Objective To assess the feasibility of a randomized placebo controlled trial (RCT) of blood pressure (BP) management for extremely preterm infants. Study design This was a prospective pilot RCT of infants 23-0/7 to 26-6/7 weeks gestation who had protocol-defined low BP in the first 24 postnatal hours. Enrolled infants were administered a study infusion (dopamine or placebo) and a study syringe medication (hydrocortisone or placebo). Results Of the 366 infants screened, 119 (33%) had low BP, 58 (16%) met all entry criteria, and 10 (3%) were enrolled. A total of 161 infants (44%) were ineligible because they received early indomethacin. Only 17% of eligible infants were enrolled. Problems with consent included insufficient time, parent unavailability, and physician unwillingness to enroll critically ill infants.
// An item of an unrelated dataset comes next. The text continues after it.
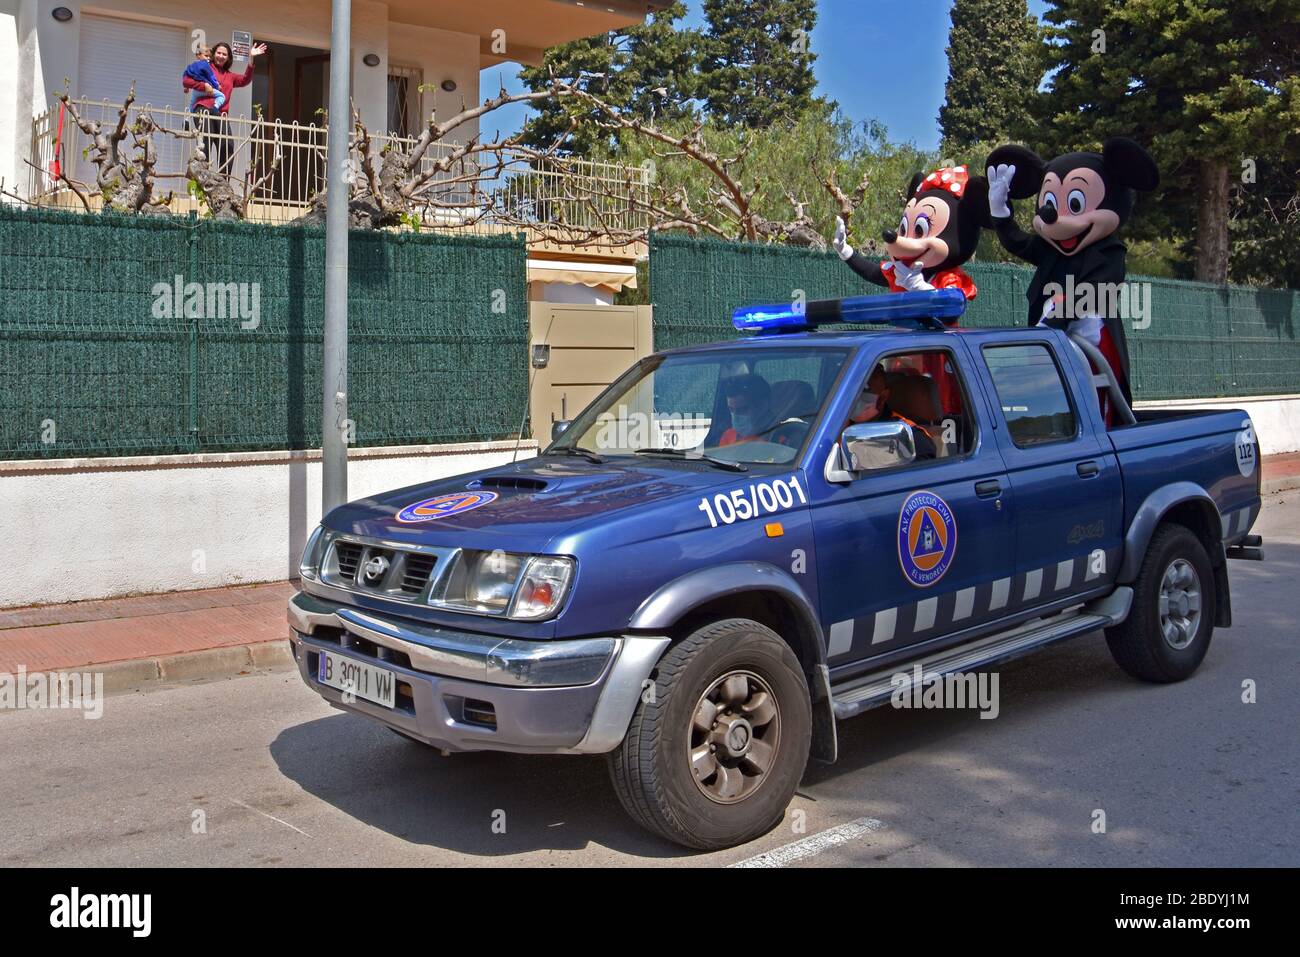 Voluntarios de Protección Civil de el Vendrell vestidos como Mickey y  Minnie Mouse saludan a personas confinadas en sus casas durante la  crisis.Voluntarios de la Protección Civil de el Vendrell, dos de

Two infants were withdrawn from the study because of the potential risk of intestinal perforation with simultaneous administration of hydrocortisone and indomethacin. Conclusions This pilot RCT was not feasible because of low eligibility and consent rates. An RCT of BP management for extremely preterm infants may require a waiver of consent for research in emergency care. The frequent use of early indomethacin and the associated risk of intestinal perforation when used with hydrocortisone may limit future investigations to only inotropic medications.